Most of the studies use earnings or its derivative as the numerator of the valuation equation. Although studies have documented the response of security prices to earnings announcement surprises (see Miller 2005), the role of determining the risk of firms has been confined to risk factors such as size, beta, book-to-market ratio, etc.

Earnings variability has not figured prominently in this endeavor.

**Factors Affecting the P/E (E/P) Ratio**

The price-earnings (P/E) ratio is commonly used as a measure of the growth potential and the riskiness of the firm‟s cash flow. The higher the P/E ratio, the higher the expected growth rate in earnings and or the lower the perceived riskiness of the firm‟s cash flow. Low P/E ratio stocks have been termed “value stocks”. Low P/E ratio could also be used to identify “fallen angels”. Low P/E ratio stocks characterize firms with poor growth potential and /or high risk cash flows. The chance of a loss model 5 (COL) relies on this attribute of the P/E ratio and is based on its reciprocal, the earnings yield (E/P).

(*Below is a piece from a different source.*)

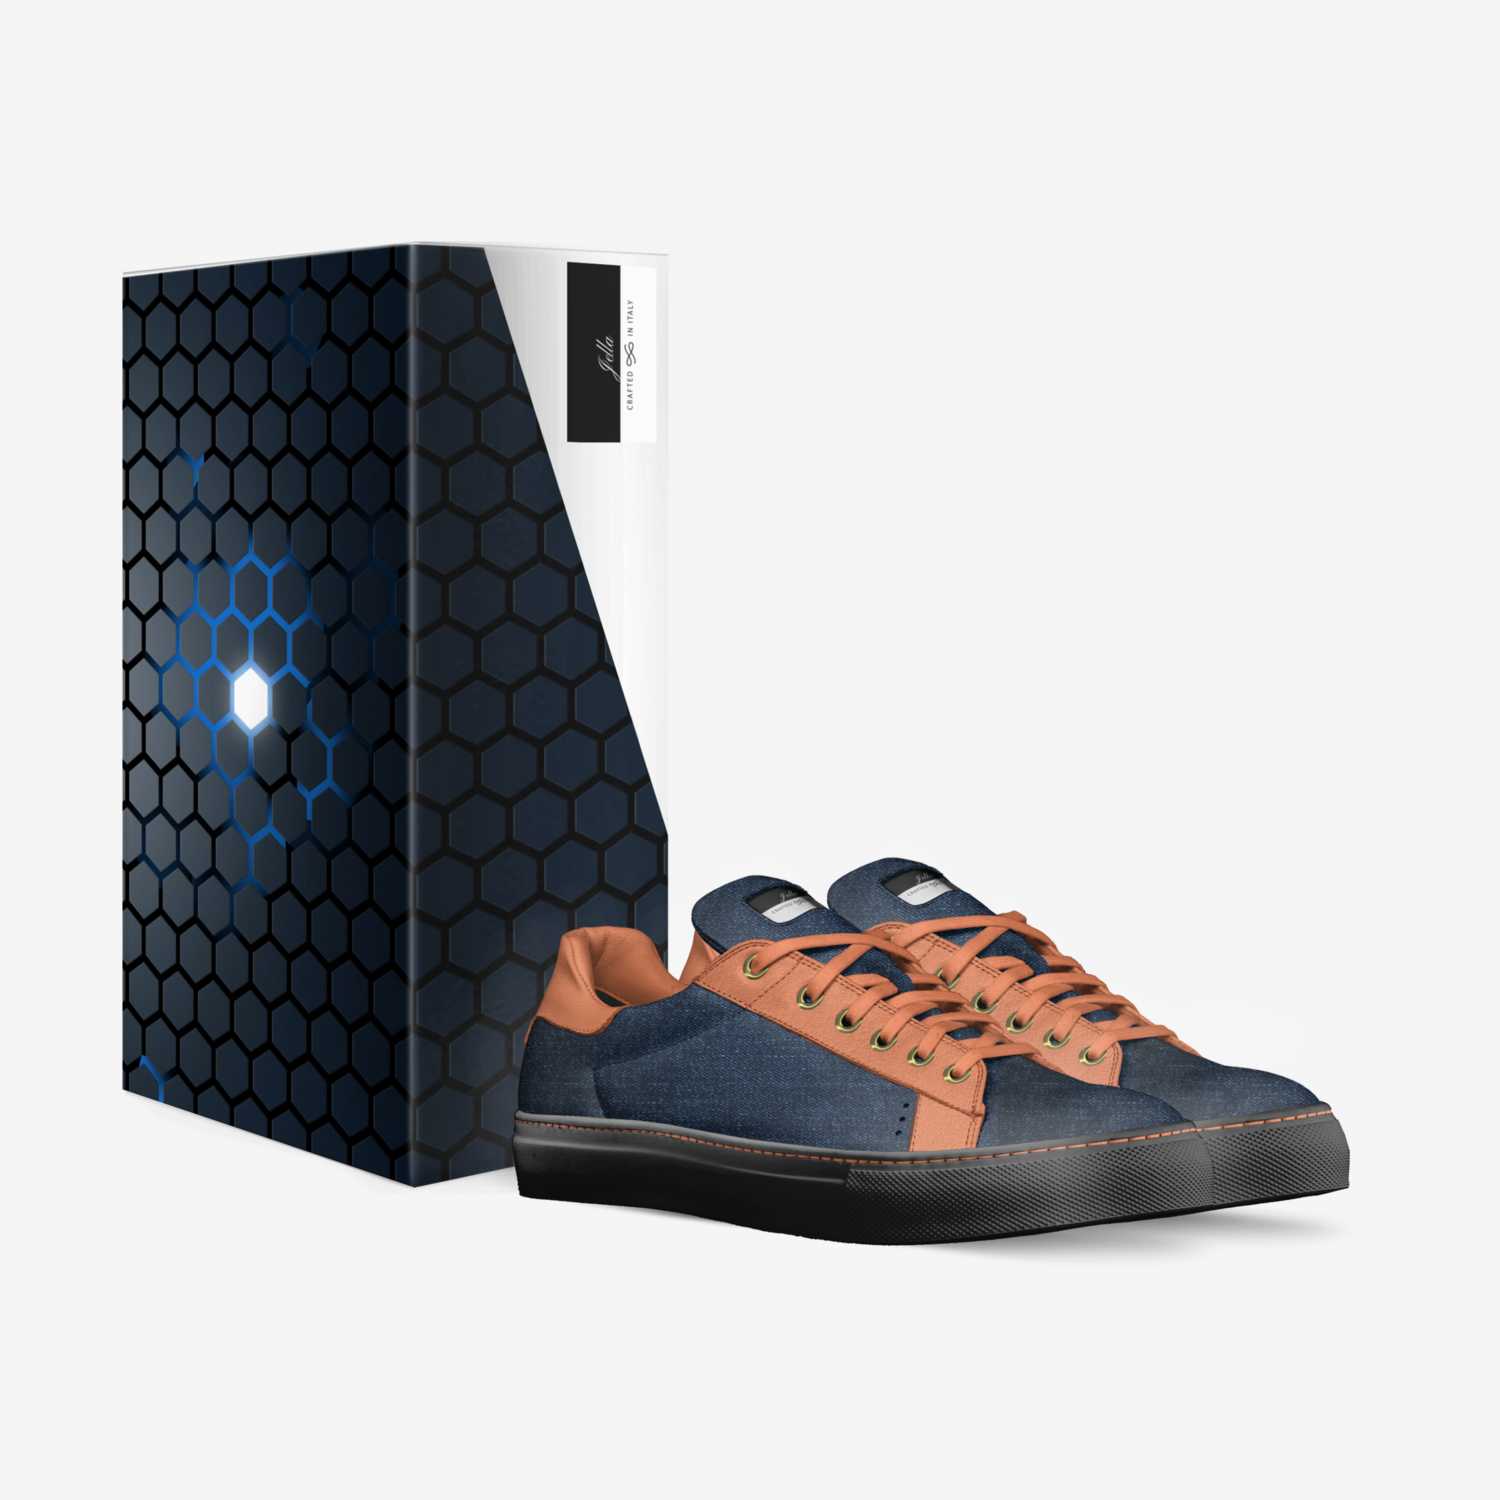 Alpha custom made in Italy shoes by John Koly | Box view

Constand, Freitas and Sullivan (1991), examined the factors that affect the E/P ratios and market value of Japanese firms. They documented a positive relationship between changes in the standard deviation of earnings (as a proxy for risk), expected earnings growth rate and change in dividends per share. Amoako-Adu and Smith (2002) analyzed the causal relationship between the yield on the 3-month Treasury bill and the average P/E ratio of the Toronto Stock Exchange (TSE) and seven major Canadian industry indices. They found a very strong inverse relationship between the treasury yield and the average P/E ratio, with an adjusted R-squared of 95% for the TSE 300 Index. The utilities industry had the highest R-squared (98%), while the gold and silver industry had the lowest (84 percent).

By calculating the P/E ratio using earnings averaged over a period of eight years, Anderson and Brooks (2006) were able to significantly increase the return premium of value stocks over glamour stocks. Beneda (2002) show that for periods in excess of 14 years, high P/E portfolios out performed lower P/E ratio portfolios, but with an investment horizon of five years, the growth stocks (high P/E) lagged behind value (low P/E) stocks.

Bhargava and Malhotra (2006), studied the effect of price-earnings ratio on world and US indices. They conclude that (after adjusting for statistical estimation problems) price-earnings ratios did not have a significant impact on either future stock prices or earnings yield. Anderson and Brooks (2005) showed that the P/E ratio of a company was influenced by market-wide P/E ratio, the industry sector and the firm size. They showed that after adjusting for the effect of these variables, the ability of the P/E ratio to explain differences in future returns between “glamour stocks and value stocks” was doubled.